- The poster for UFC 127: Penn vs. Fitch
- Promotion: Ultimate Fighting Championship
- Date: February 27, 2011
- Venue: Acer Arena
- City: Sydney, Australia
- Attendance: 18,186
- Total gate: $3,500,000
- Buyrate: 260,000

Event chronology
| UFC 126: Silva vs. Belfort | UFC 127: Penn vs. Fitch | UFC Live: Sanchez vs. Kampmann |

= UFC 127 =

UFC mixed martial arts event in 2011

UFC 127: Penn vs. Fitch was a mixed martial arts event held by the Ultimate Fighting Championship on Sunday, February 27, 2011, at Acer Arena in Sydney, Australia. Due to the time zone difference it aired live on Saturday, February 26 in North America. This was the second UFC event held in Sydney, following the sold-out UFC 110 in 2010.

==Background==
Tickets for UFC Fight Club members went on sale on 14 December 2010. UFC 127 sold out moments after going on public sale on 16 December 2010, selling faster than tickets for UFC 110, and making it the fastest-selling event, along with UFC 115, in UFC history.

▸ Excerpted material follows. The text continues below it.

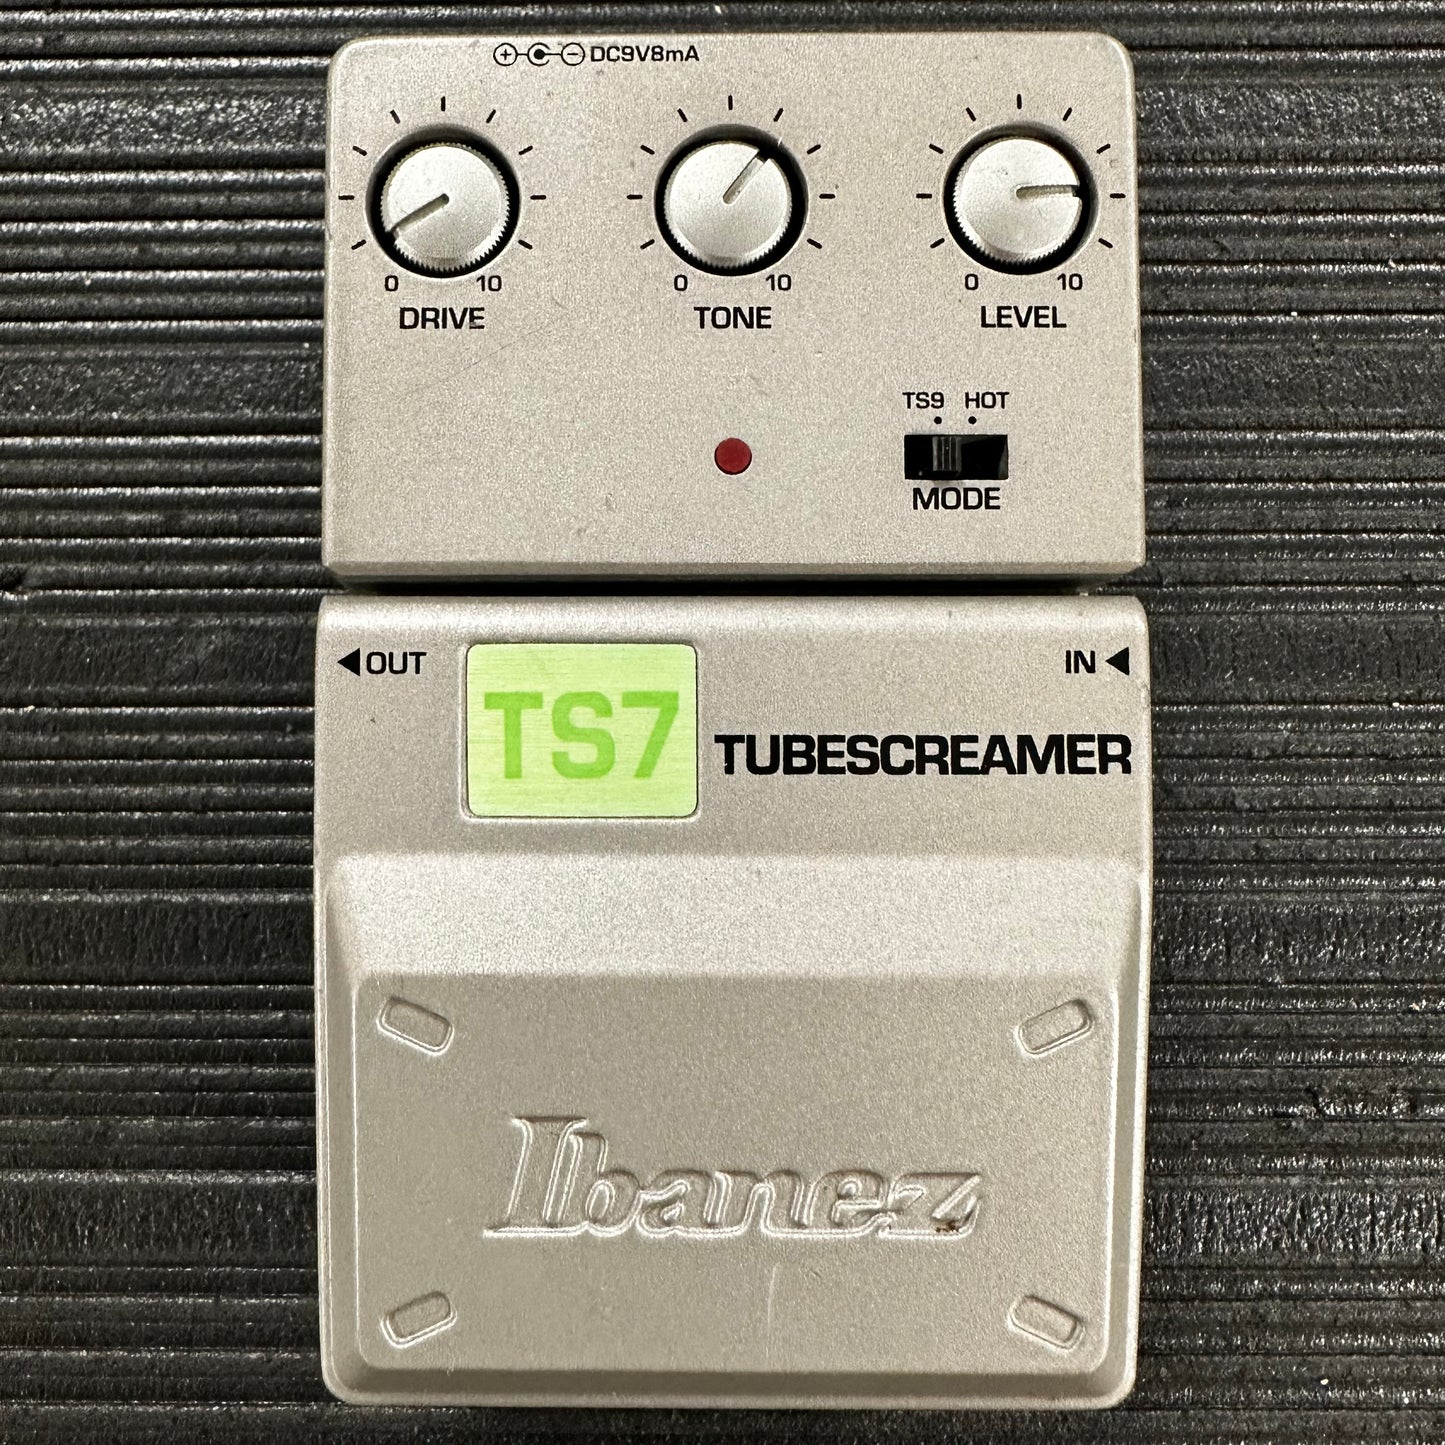 Top view of Used Ibanez TS7 Tube Screamer Overdrive Pedal w/Box 
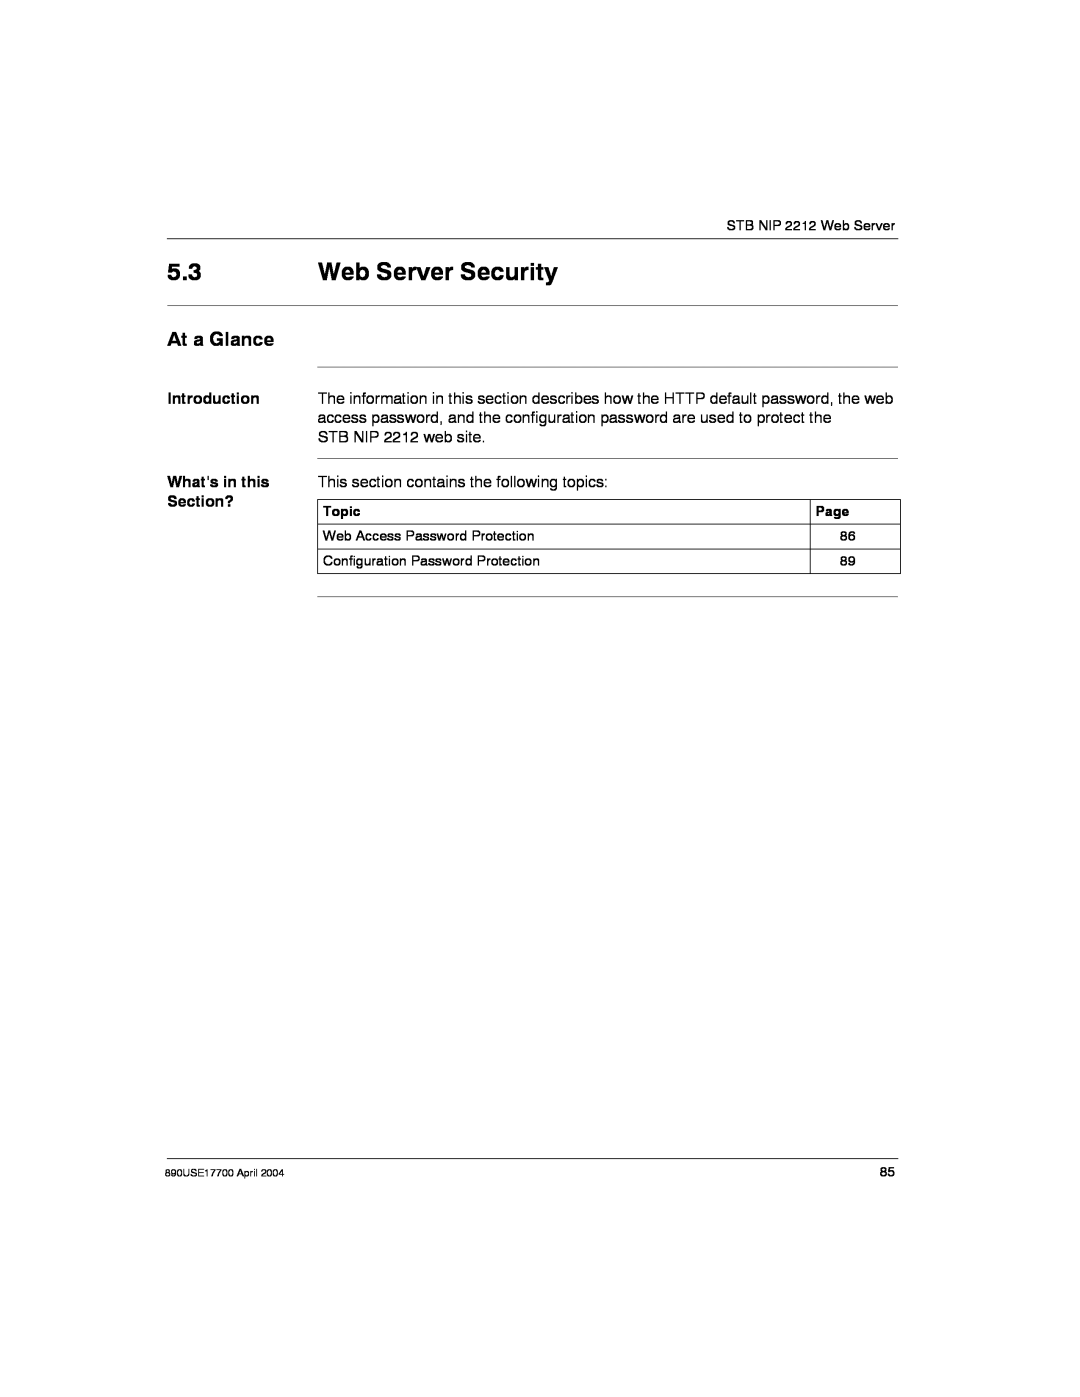 Schneider Electric manual Web Server Security, At a Glance, 890USE17700 April

ESPN UK aired the Ross Pearson vs. Spencer Fisher fight, which was confirmed by Jon Anik on MMA Live. Ion Television aired the Pearson vs. Fisher, Te-Huna vs. Gustafsson and Ring vs. Fukuda preliminary bouts, while the Perosh vs. Blackledge and Zhang vs. Rheinhardt preliminary bouts were streamed on the UFC's official Facebook page.

On 9 February, it was announced that a knee injury had forced Carlos Condit out of his bout with Chris Lytle. Condit was replaced by promotional newcomer Brian Ebersole.

==Bonus awards==
The following fighters received $75,000 bonuses.